Acerca de la formación profesional se han mantenido multitud de prejuicios, tanto en positivo como en negativo (Merino et al 2011).

Año:2012

Autor/es

  • Planas Coll, Jordi

Filiación: Universidad Autónoma de Barcelona

Comunidad Autónoma / Región:Cataluña

Revista:Revista de la Asociación de Sociología de la Educación (RASE) , Vol/nº: 5 (1) , Páginas: 5-15

Palabras clave:

Resumen

Acerca de la formación profesional se han mantenido multitud de prejuicios, tanto en positivo como en negativo (Merino et al 2011). En positivo los dos más frecuentes son que la formación profesional garantiza el acceso al empleo y en un determinado empleo y que la formación profesional constituye una alternativa a la educación universitaria y, en negativo, que es la formación de los que no sirven para estudiar o no quieren hacerlo.

En términos de intenciones los ciclos de educación y formación que se etiquetan como Formación Profesional son muy distintos en función del tiempo y del espacio o lugar a que nos refiramos. En general se llama FP a aquellas formaciones que tienen una finalidad explícita de preparar para el ejercicio de determinada “profesión”, para diferenciarla de la formación llamada “general” que no tiene intención de preparar para ningún tipo de empleo específico. Con los obligados matices derivados de las diferencias entre países, sobre todo en el pasado, se refieren a profesiones cualificadas pero no de nivel superior, dejando este espacio a otra formación, a menudo también profesionalizante, que se imparte en las universidades o escuelas superiores. De tal manera que la FP frecuentemente se presenta como una formación alternativa a la formación universitaria a la que se consideraría excesiva para parte de sus estudiantes y fuente de subempleo o sobreeducación.

A partir de estas características compartidas la diversidad que presenta las formaciones etiquetadas como FP es enorme. Abordar la complejidad de las distintas modalidades de FP no es ni posible ni pertinente en este texto; en él, al hablar de FP, nos centraremos en los ciclos que llevan esta etiqueta dentro del sistema de educación formal, lo que acostumbramos a llamar FP “reglada”.

Objetivos / Hipótesis

Contrastar las definiciones y los prejuicios en torno al término “Formación Profesional”, con la realidad de su uso en el discurso de las políticas de educación y formación y, sobre todo, con la realidad del mercado de trabajo y de los usos formativos de los jóvenes.

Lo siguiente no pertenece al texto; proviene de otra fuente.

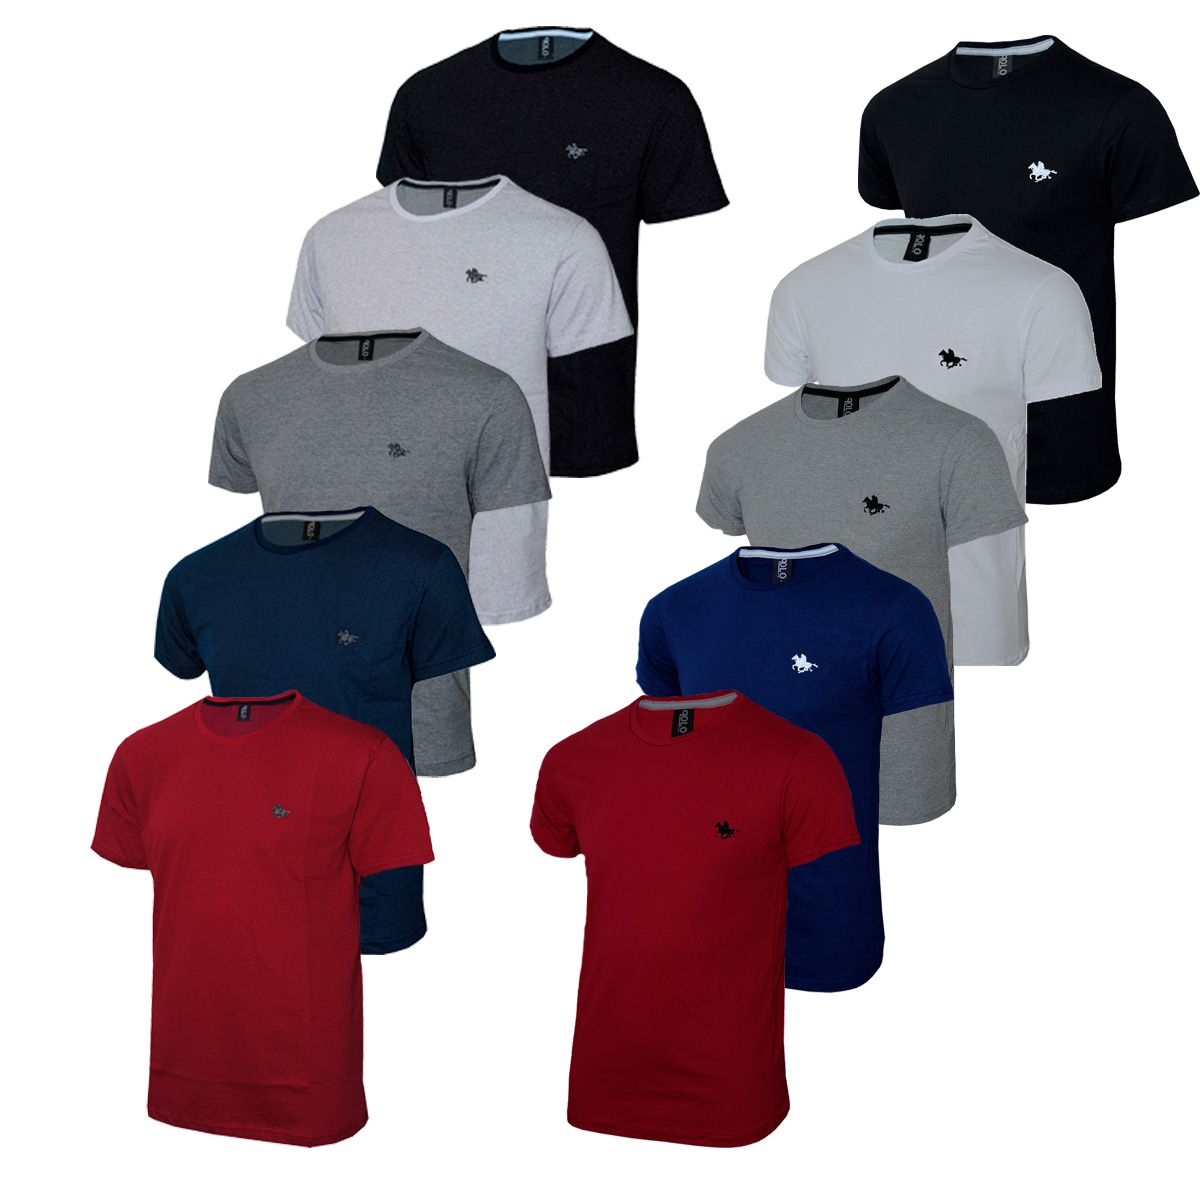 Kit 10 Camiseta Masculina Básica  Polo RG518

Tipo de Investigación y Metodología

Investigación Descriptiva  // Cualitativa

Detalle: Estudio teórico-descriptivo. 

Participantes / Muestra

Fuentes Documentales.

Instrumentos

Revisión documental.

Resultados / Conclusiones

Tanto por su función en el mercado de trabajo como por los usos formativos de los jóvenes, la FP ha dejado de ser el ciclo terminal y separado de la formación “general”, que aún pretende ser en normativas como la española, para ser una modalidad de formación más que los jóvenes incorporan a sus itinerarios de formación para el trabajo y que los empleadores valoran en su contratación conjuntamente con otras modalidades de formación sin respetar necesariamente las correspondencias a las que estaban predestinadas normativamente.
 
Los datos presentados nos muestran que el mercado de trabajo, ni desde la “oferta” (resultante de los itinerarios formativos de los jóvenes) ni desde la “demanda” (el comportamiento de los empleadores en la contratación y retribución de los jóvenes) sigue mayoritariamente el modelo en el que se basa la concepción típica y tópica de la FP.

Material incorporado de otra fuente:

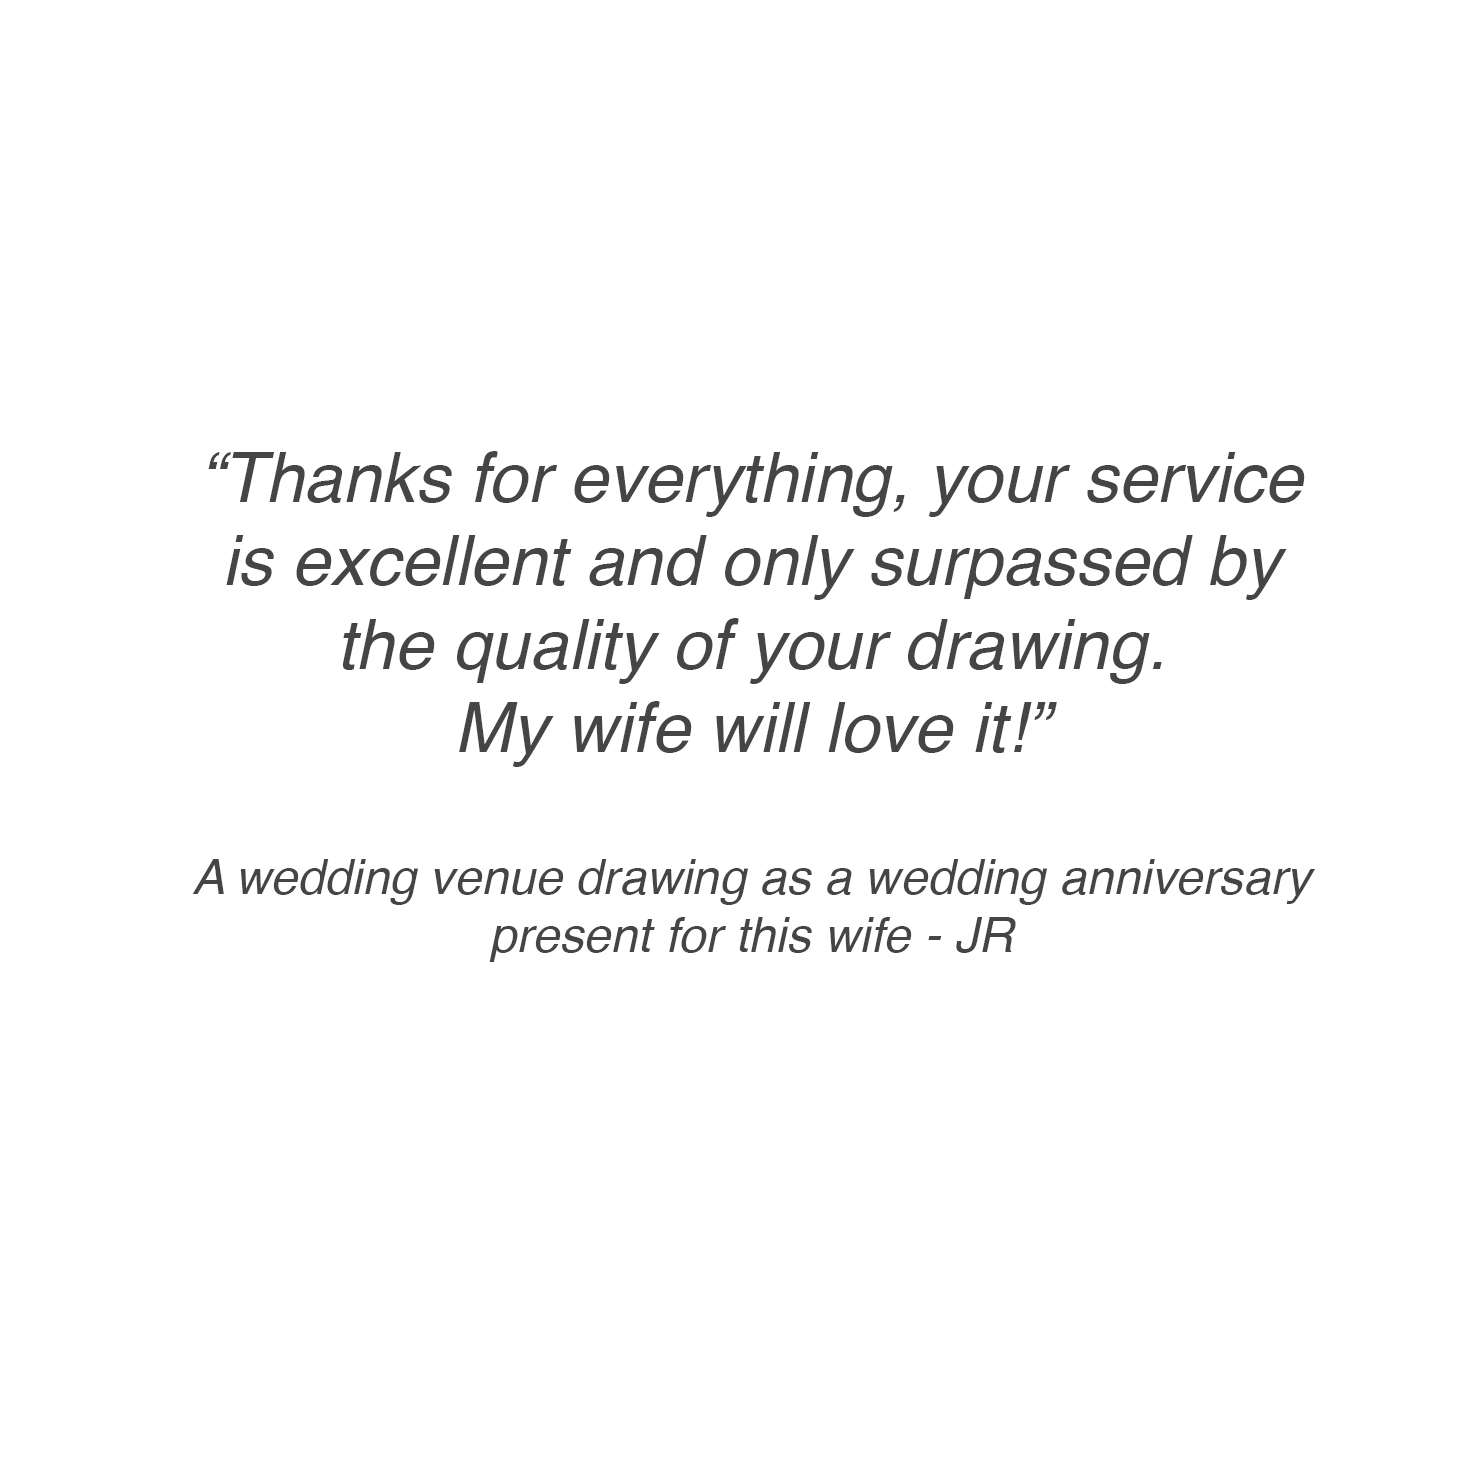 testimonial-WeddingVenue2.jpg

Los jóvenes, o al menos una buena parte de ellos, no consideran la FP y la universidad como alternativas, sino como ingredientes posibles y, a veces complementarios, de sus itinerarios formativos y, en la medida que esto sea posible (la ley y la oferta formativa lo permitan), los pasos de una a otra formación (en las dos direcciones) probablemente se irán incrementando.

Además, los jóvenes han entendido, en su inserción en el mercado de trabajo que sus oportunidades de empleo no se limitan a las prescritas y consideran (5 años después de titularse) que el empleo al que accedieron, aunque no sea el “previsto”, requiere el nivel de formación que alcanzaron y buena parte de las competencias que adquirieron. Además, descubren que no trabajar de lo “previsto” no les penaliza en terminos salariales.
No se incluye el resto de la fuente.